FBGEMM_GPU v0.5.0
Release Notes
Highlights
- TBE training v2 (optimized TBE forward: up to 4x kernel performance improvement)
- Many TBE extensions including defused TBE backward-optimizer, variable batch size support, pipeline prefetching support for UVM caching
- Many improvements and new sparse ops added
- ARM support
- SM 9.0 support for CUDA 12.1 for H100 GPUs
- PyTorch 2 support for various operators, i.e., jagged tensor, pooled embedding ops
Software Requirements
FBGEMM_GPU v0.5.0 has been tested and known to work on the following setups:
- PyTorch: v2.1
- CUDA: v11.8, 12.1
- Python: v3.8, 3.9, 3.10, 3.11
It is recommended to prepare an isolated environment for installing and running FBGEMM_GPU, such as Conda and/or Docker.
Availability
FBGEMM_GPU can be fetched directly from PyPI:
# FBGEMM_GPU CUDA variant (only CUDA 12.1 variant is available)
pip install fbgemm-gpu==0.5.0
# FBGEMM_GPU CPU variant
pip install fbgemm-gpu-cpu==0.5.0
Alternatively, it can be fetched from PyTorch PIP:
# FBGEMM_GPU CUDA variant
pip install fbgemm-gpu==0.5.0 --index-url https://download.pytorch.org/whl/cu118/
pip install fbgemm-gpu==0.5.0 --index-url https://download.pytorch.org/whl/cu121/
# FBGEMM_GPU CPU variant
pip install fbgemm-gpu==0.5.0 --index-url https://download.pytorch.org/whl/cpu
Changes
Table batched embedding (TBE) operators
- [Improvement] TBE training v2 (optimized TBE forward: up to 4x kernel performance improvement) (#1641, #1804, #1787, #1904)

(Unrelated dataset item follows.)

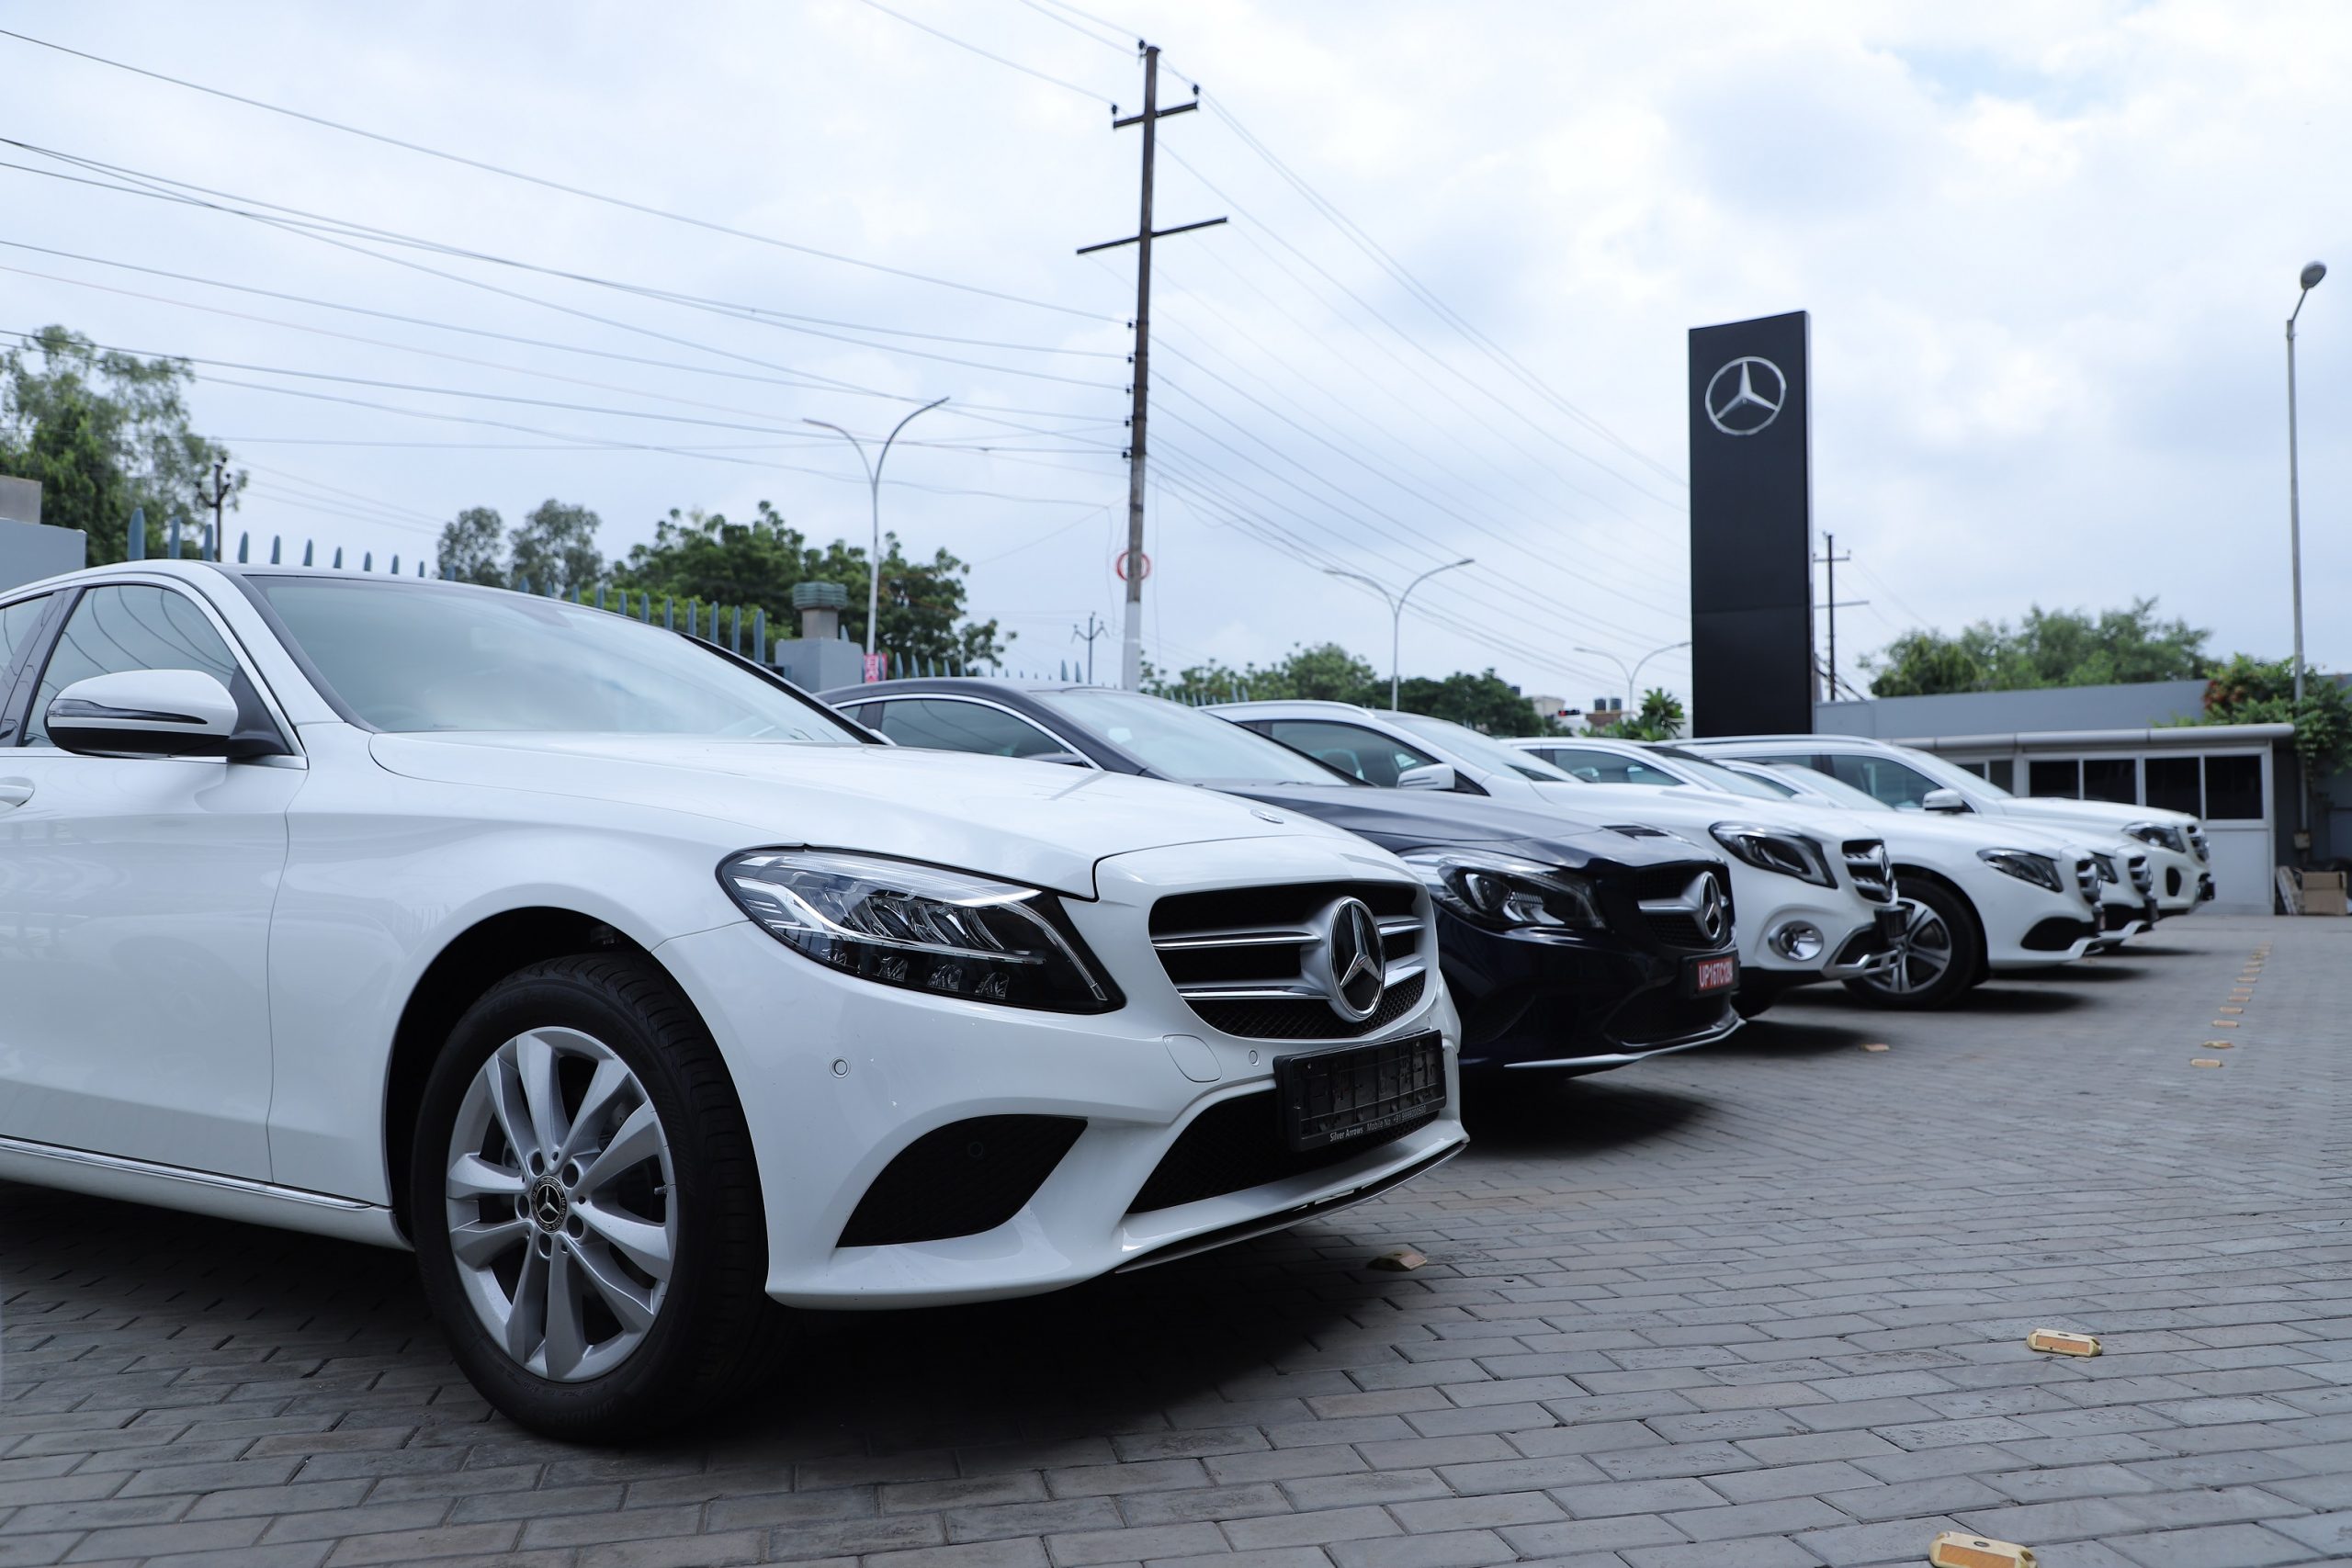 Mercedes-Benz India delivers a record 550 new cars during Navratri & Dussehra

- [New] Variable batch size support to TBE training (#1653, #1752, #1633, #1634, #1713, #1717, #1943)
- [New] BFloat16 support for TBE CPU (#1839, #1851)
- [New] Defused TBE backward-optimizer and SplitTBE optimizer (#1819, #1820, #1821)
- [New] Max norm support for rowwise_adagrad (#1781)
- [New] Support for 1024-2048 embedding dimension in TBE inference (#1656)
- [Improvement] Backends via PyTorch dispatcher (#1948, #1976)
- [Improvement] Deprecate many TBE optimizers (#1766, #1767, #1771, #1796, #1774, #1773, #1775, #1791, #1793)
- [New] TBE UVM cache pipeline prefetching (#1883, #1893)
Jagged Tensor Operators
- [New] New jagged tensor operators (#1690)
- [New] Backends (Meta) (#1880, #1960)
- [Improvement] Jagged operator optimizations (#1643, #1646, #1644, #1661, #1662, #1691, #1692, #1777)
- [Improvement] Symbolic shape tracing on jagged operators for PyTorch 2 (#1758)
Index Select Operators
- [New] batch_index_select_dim0 with TBE backend (#1897)
- [New] Variable input sizes support for
group_index_select_dim0
(#1968) - [Improvement] Improve
group_index_select
(#1764, #1884)
Low-precision operators
- [New] Meta Backend FP8RowwiseQuantizedToFloat (#1890)
- [New] Column-wise parallel quantization/dequantization (#1743)
- [New] BF16 Support in FP8 quantize ops (#1961)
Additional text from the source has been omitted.